United States District Court, E.D. Virginia, Richmond Division
Mar 28, 2007
Civil Action No. 3:06cv180 (E.D. Va. Mar. 28, 2007)

Opinion

Civil Action No. 3:06cv180.

March 28, 2007


MEMORANDUM OPINION


This matter is before the Court on the Motions to Dismiss Pursuant to Rules 12(b)(1) and 12(b)(6) filed by Defendant Gopinath Jadhav, M.D., Defendant Southside Gastroenterology Associates, Ltd., Defendant Petersburg Hospital Company, LLC, and Defendant Columbia/HCA John Randolph, Inc. (hereinafter "defendants"). For the reasons set forth below, the motions are granted.

I.

On March 13, 2006, Lokesh Vuyyuru, M.D. (hereinafter "plaintiff"), filed an ex relatione action on behalf of the United States pursuant to 31 U.S.C. § 3730(b)(1) and 31 U.S.C. § 3732(a). On June 27, 2006, the United States notified the Court of its decision not to intervene. Five months after the original filing, on August 29, 2006, the current shape of this case took form in the Third Amended Complaint ("TAC") filed by Plaintiff. The TAC asserts claims under the Federal False Claims Act, 31 U.S.C. § 3729, et. seq., and conspiracy claims under Virginia law.

Plaintiff alleges that Gopinath Jadhav, M.D. (hereinafter "Dr Jadhav") engaged in fraudulent activity in his practice as a gastroenterologist by routinely taking unnecessary biopsies of the ileocecal valve during colonoscopies, and then charging Medicaid, Medicare, and private insurance companies for them "for the sole purpose of enhancing his income" and the income of the two hospitals for which he worked: Southside Regional Medical Center (hereinafter "SRMC") and John Randolph Medical Center (hereinafter "JRMC") (Third Am. Compl. 5). The TAC also alleges that Dr. Jadhav and the two medical centers conspired to submit these fraudulent charges.
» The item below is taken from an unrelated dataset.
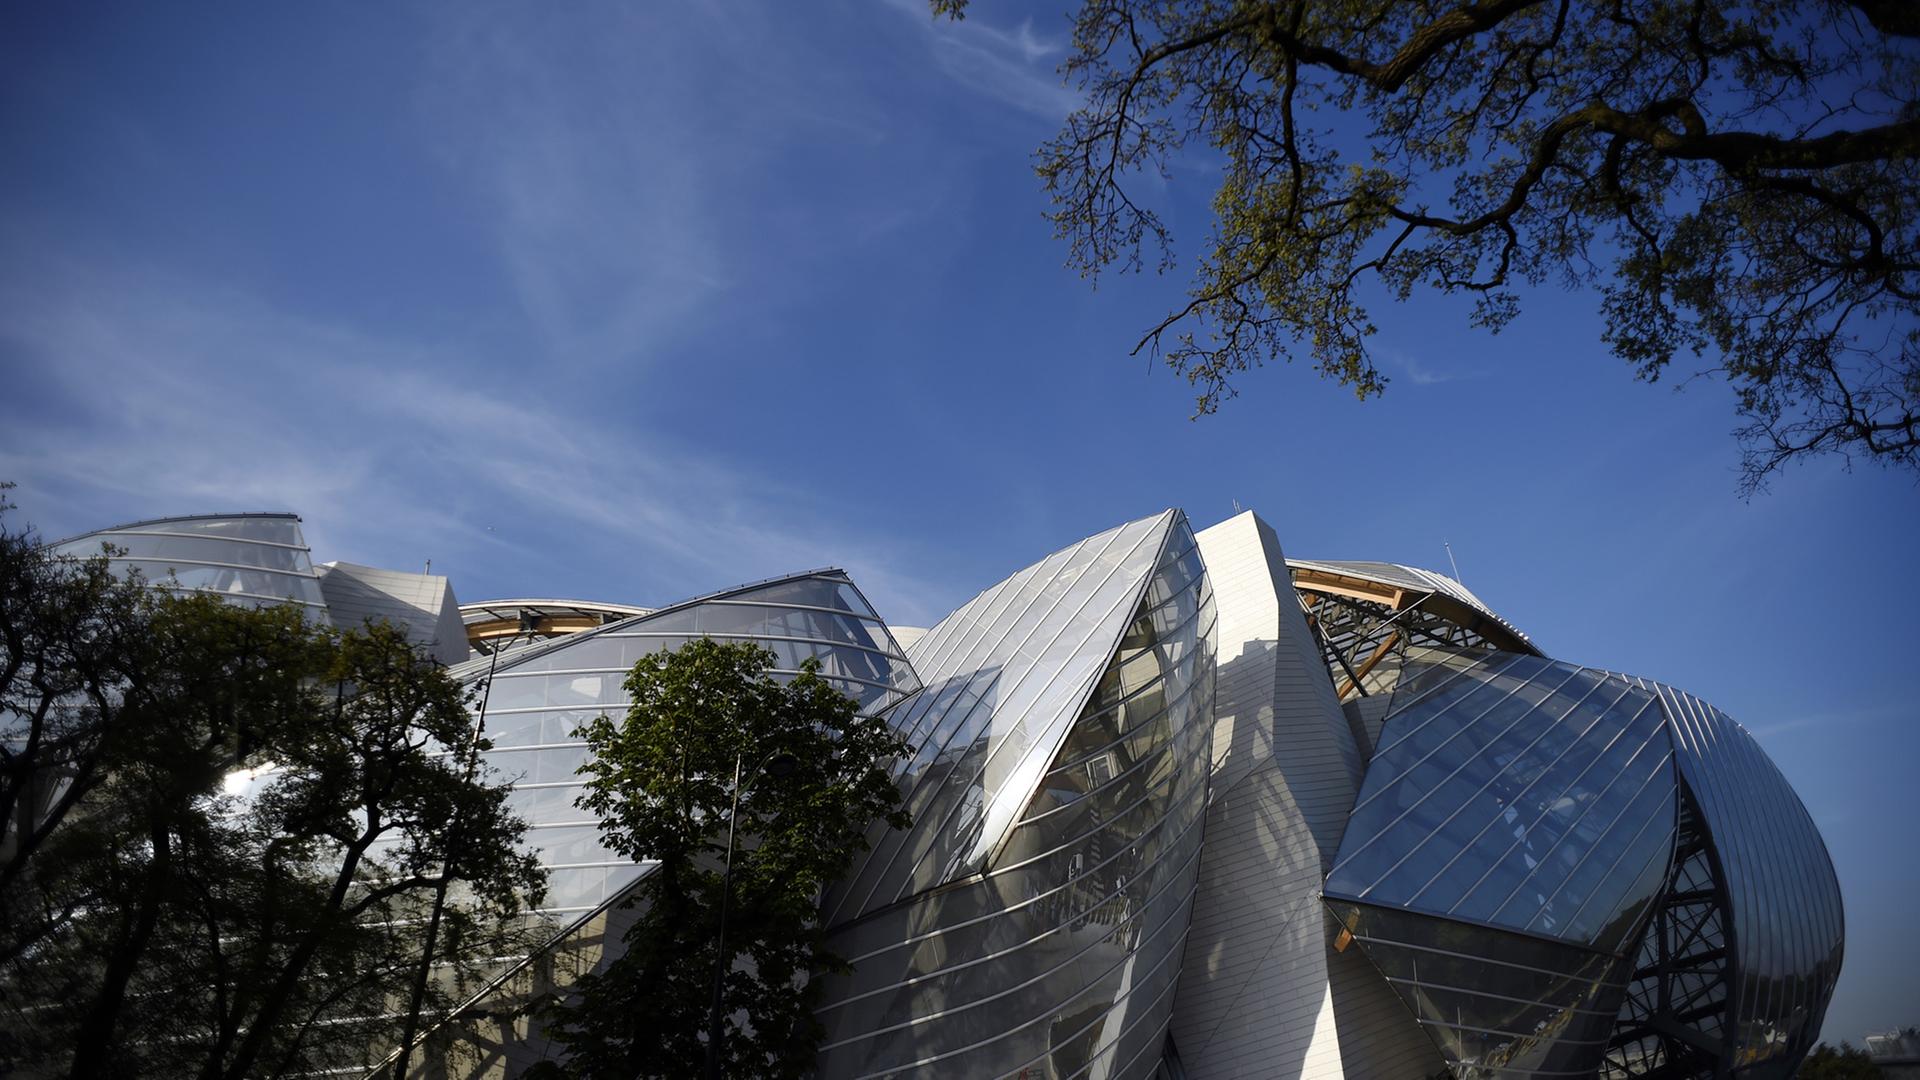 Fondation Louis Vuitton von Frank O. Gehry

Plaintiff also contends that Dr. Jadhav "frequently billed for the procedure of a colonoscopy and upper-endoscopy when Dr. Jadhav failed to complete the procedure." (Third Am. Compl. 7).

All four defendants have moved for dismissal pursuant to Fed.R.C.P. 12(b)(1) and 12(b)(6). They contend that dismissal is proper because: (1) the TAC fails to establish subject matter jurisdiction under 31 U.S.C. § 3730(e)(4) of the False Claims Act ("FCA"); (2) the statute of limitation bars both the FCA and state law conspiracy claims; (3) the TAC fails to plead the FCA claims with specificity; (4) the TAC fails to state a claim for conspiracy under Virginia law; (5) the defendants' statutory immunity from damages bars the state law conspiracy counts; and (6) the Cameron Foundation does not have successor liability for the state-law conspiracy counts. For the reasons set forth below, there is a lack of subject matter jurisdiction and it is, therefore, unnecessary to consider the other grounds upon which dismissal is sought.

II.

"Federal courts are courts of limited jurisdiction and the `threshold requirement in every federal case is jurisdiction.'"Barclay Square Properties v. Midwest Federal Savings and Loan Association, 893 F.2d 968, 969 (8th Cir. 1990) (quoting Sanders v. Clemco Indus., 823 F.2d 214, 216 (8th Cir. 1987)). Title 28 U.S.C. § 1330 et seq. sets forth the various predicates for jurisdiction.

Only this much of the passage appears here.